Transform python data using declarative schemas

Project description

# kat-transform

Kittie's attempt to declaratively transform Python objects into serializable dictionaries. Minimal, composable, Pydantic-free. Just fields, dataclasses, and a pinch of magic.

Features

  • Declarative schema definition
  • Field-level transformation
  • Nested schemas
  • Dependency-injected getters via FunDI
  • No runtime overhead, no metaclasses, no opinionated data modeling
  • Multiple getters(with fallback: "created_at" -> "created")
  • Custom field metadata and schema metadata

Basic Usage:

from dataclasses import dataclass
from datetime import datetime

from kat_transform import schema, field, transform

user_schema = schema(
    "User",
    field(str, "username"),
    field(int, "id")
)

@dataclass
class User:
    username: str,
    id: int

user = User("Kuyugama", -1)

raw = user_schema.get(user)
transformed = transform(raw)

assert transformed == {"username": "Kuyugama", "id": -1}

print(transformed)

Deep dive

Transform on the Fly

from dataclasses import dataclass
from datetime import datetime

from kat_transform import schema, field, transform

user_schema = schema(
    "User",
    field(str, "username", transform=lambda x: x.lower()),
    field(int, "created", transform=lambda x: int(x.timestamp()), getter=("created_at", "created")),
    field(int, "id")
)

@dataclass
class User:
    username: str,
    created_at: datetime
    id: int

user = User("Kuyugama", datetime(day=17, month=3, year=2026), -1)

raw = user_schema.get(user)
transformed = transform(raw)

assert transformed == {"username": "kuyugama", "created": 1773612000, "id": -1}

print(transformed)

DI-based getters (aka fields from the void)

from dataclasses import dataclass
from datetime import datetime

from kat_transform import schema, field, resolve_fields, transform

error_schema = schema(
    "Error",
    field(str, "message"),
    field(str, "category"),
    field(str, "code"),
    field(str, "cat", transform=lambda x: f"https://http.cat/{x}", getter=lambda response: response["status_code"])
)

@dataclass
class Error:
    message: str
    category: str
    code: str

error = Error("User not found", "users", "not-found")

raw = error_schema.get(error)

resolved = resolve_fields({"response": {"status_code": 404}}, raw)

transformed = transform(resolved)

assert transformed == {"message": "User not found", "category": "users", "code": "not-found", "cat": "https://http.cat/404"}

print(transformed)

resolve_fields uses FunDI dependency injection under the hood.
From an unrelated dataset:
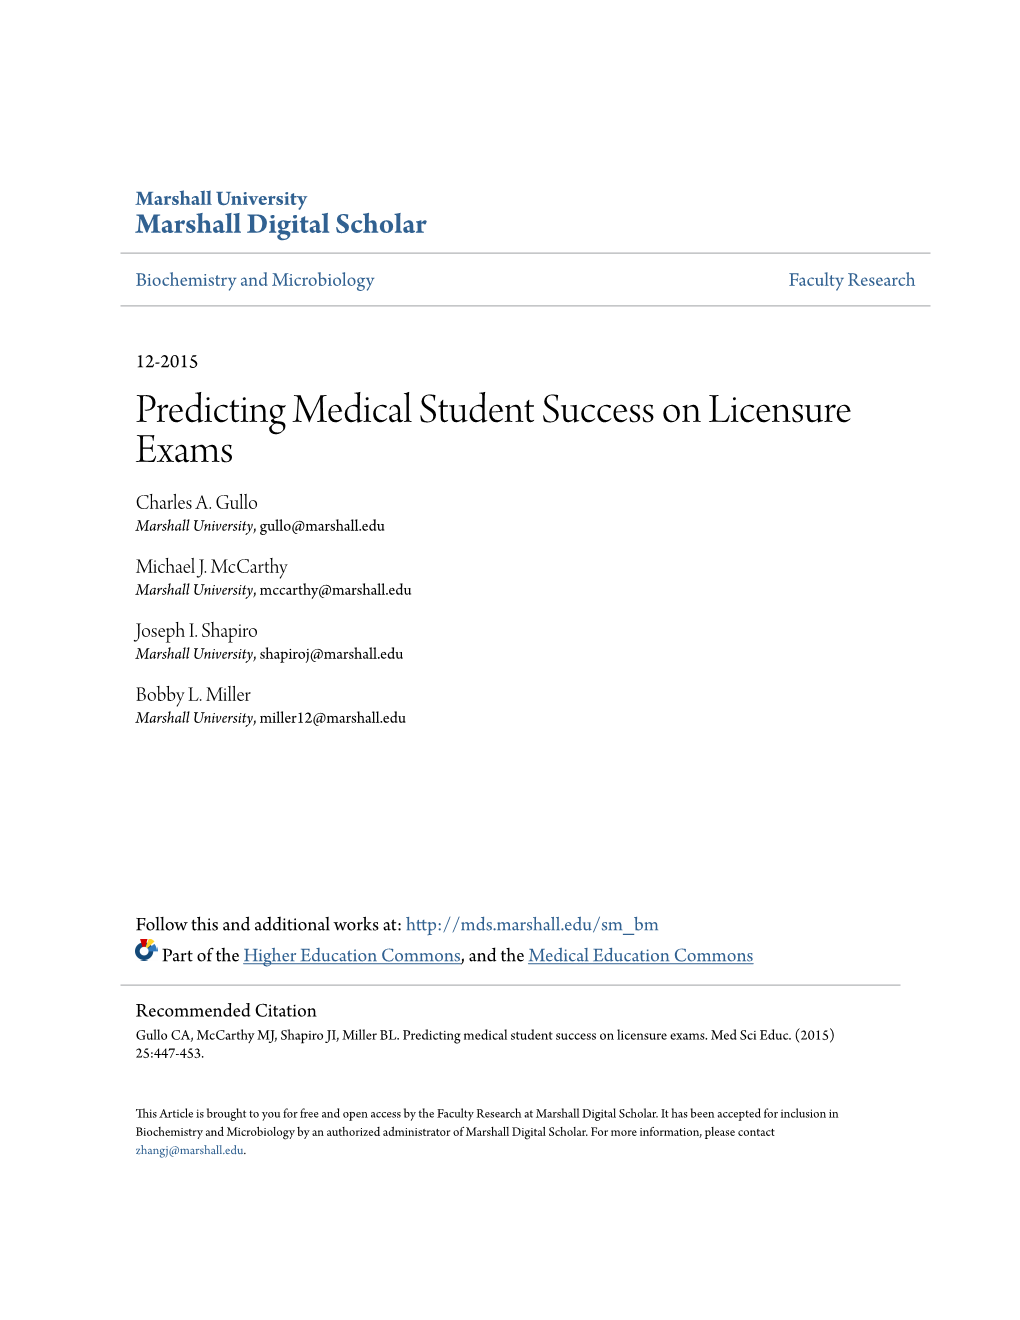 Predicting Medical Student Success on Licensure Exams Charles A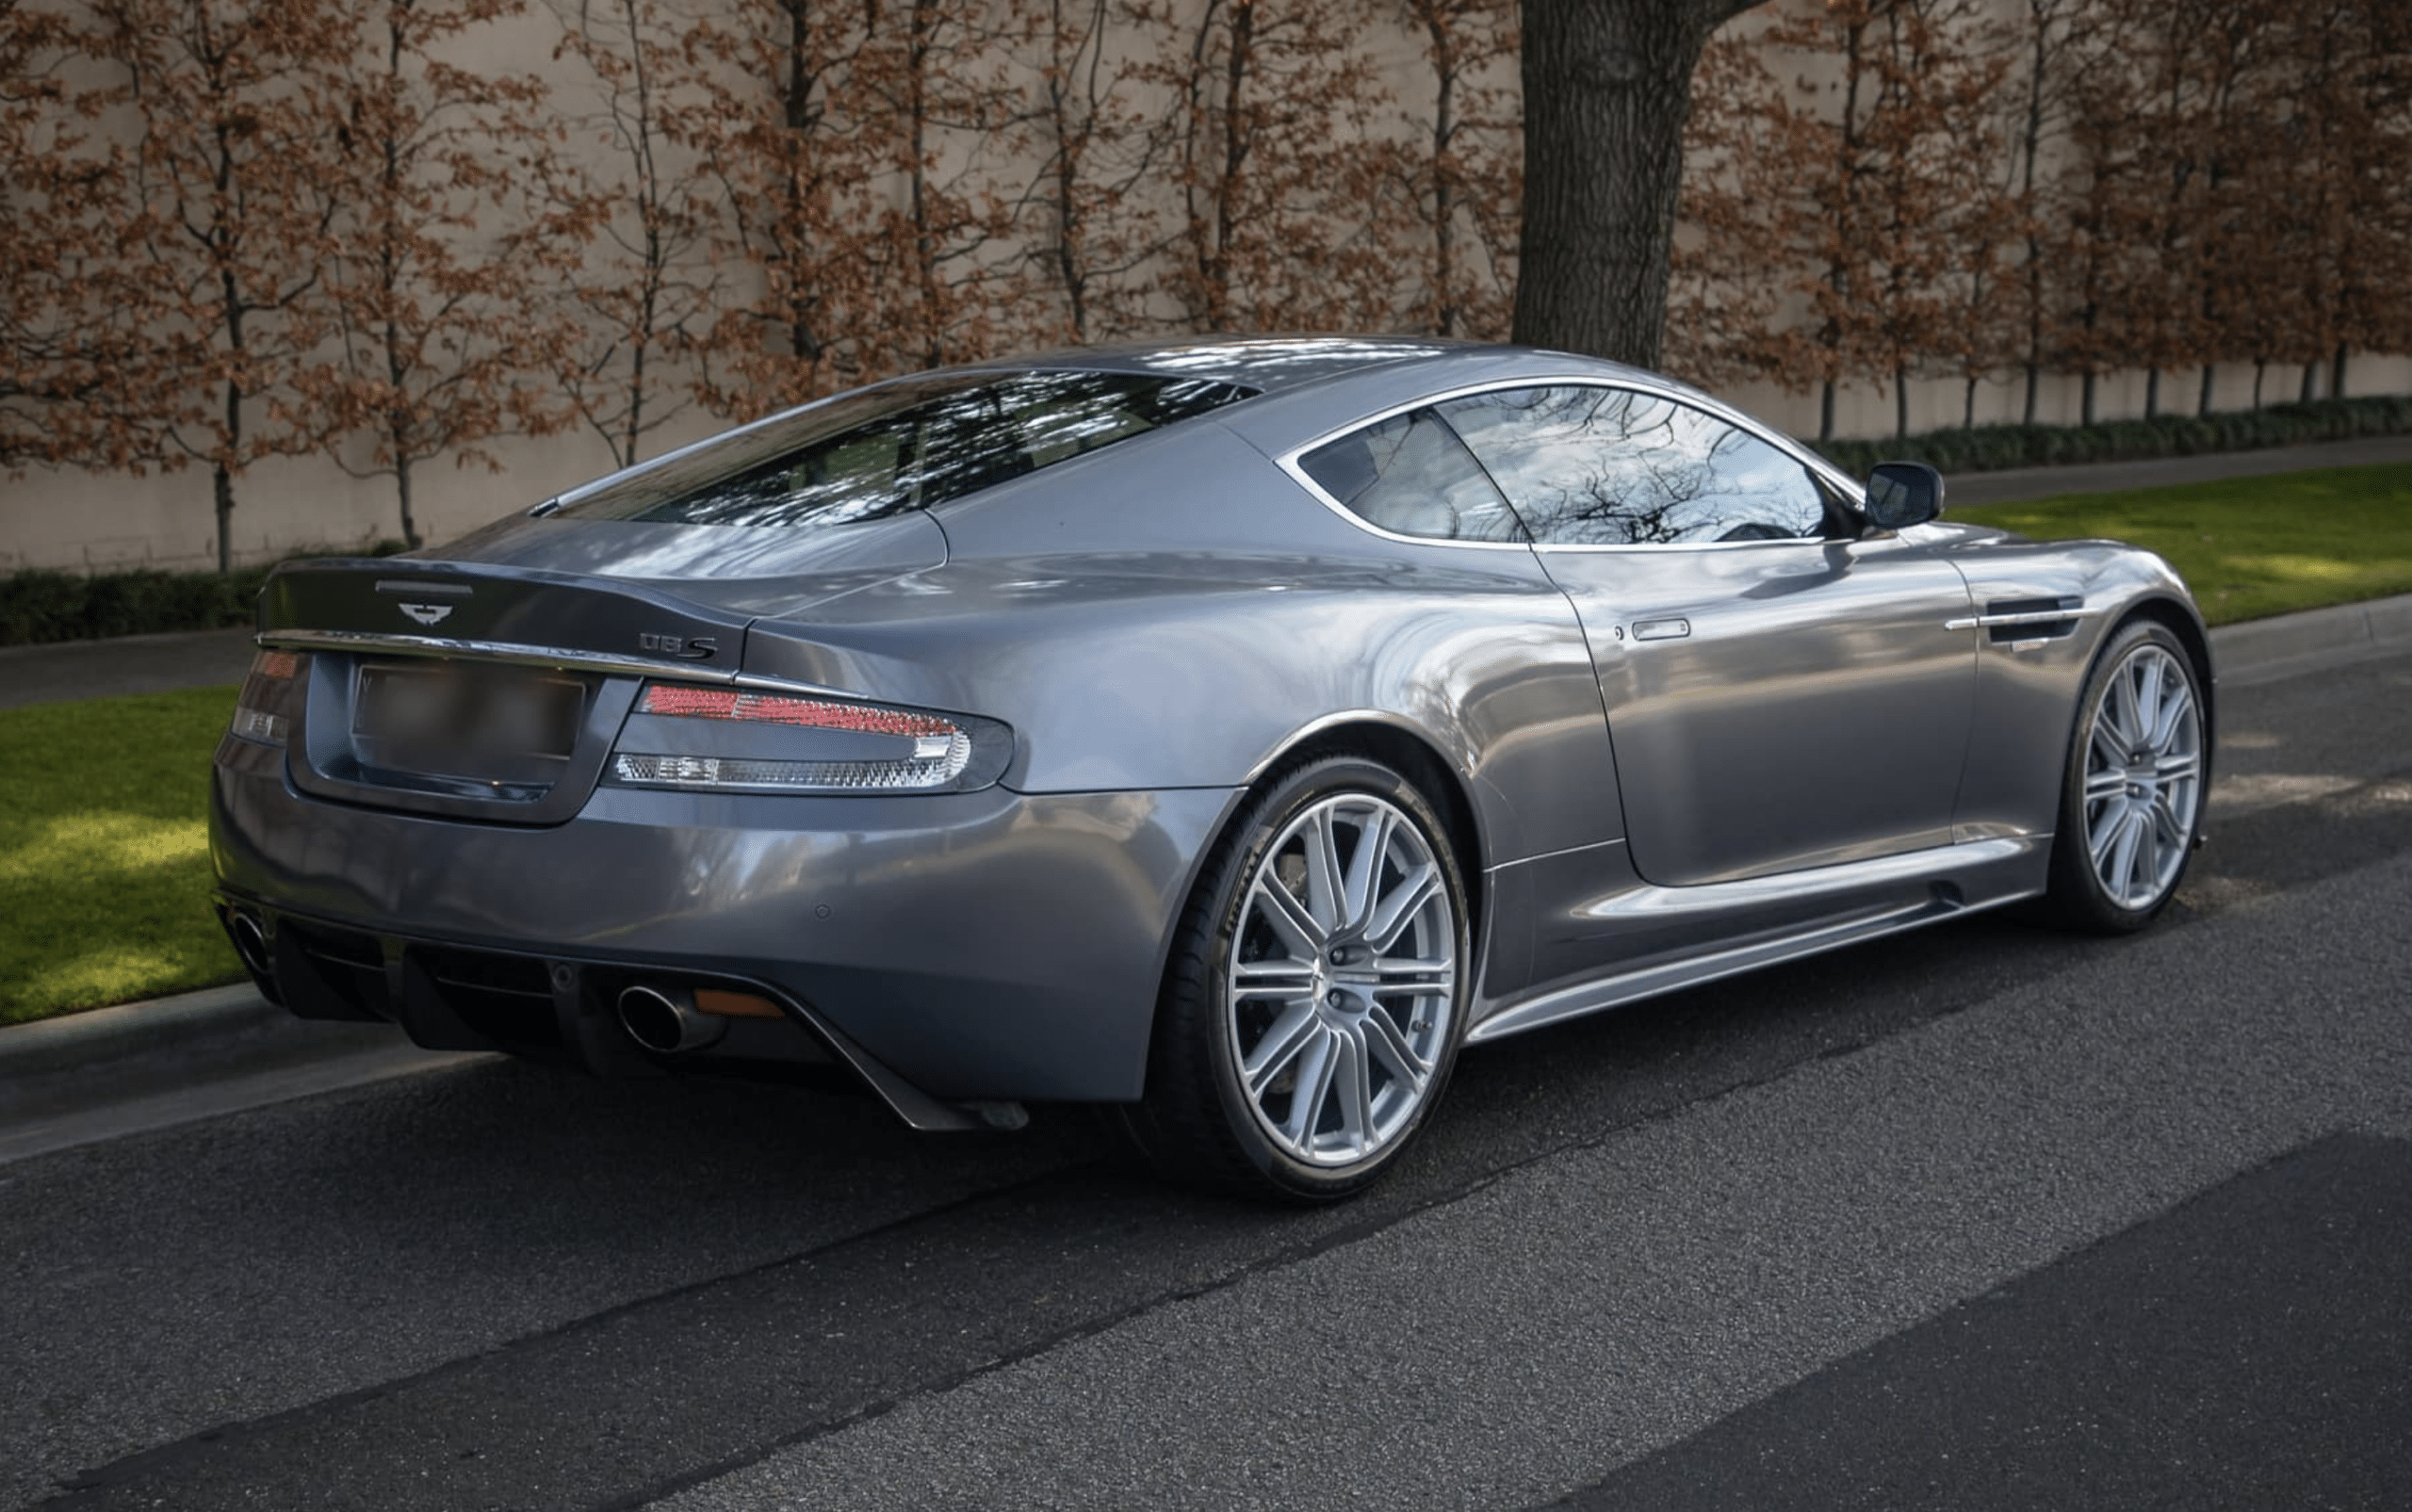 2008 Aston Martin DBS

All getter functions should be valid FunDI dependencies.

Nested schemas? Awww, gotcha!

from dataclasses import dataclass
from datetime import datetime

from kat_transform import schema, field, resolve_fields, transform

user_schema = schema(
    "User",
    field(str, "username", transform=lambda x: x.lower()),
    field(int, "id"),
)

content_schema = schema(
    "Content",
    field(user_schema, "owner"),
    field(str, "title", transform=lambda x: x.title()),
)


@dataclass
class User:
    username: str
    id: int


@dataclass
class Content:
  owner: User
  title: str


user = User("Kuyugama", 1)

content = Content(user, "Clever flower")

raw = content_schema.get(content)

transformed = transform(raw)

assert transformed == {"owner": {"username": "kuyugama", "id": 1}, "title": "Clever Flower"}

print(transformed)

Project details


Download files

Download the file for your platform. If you're not sure which to choose, learn more about installing packages.

Source Distribution

kat_transform-0.0.6.tar.gz (25.7 kB view details)

Uploaded Source

Built Distribution

If you're not sure about the file name format, learn more about wheel file names.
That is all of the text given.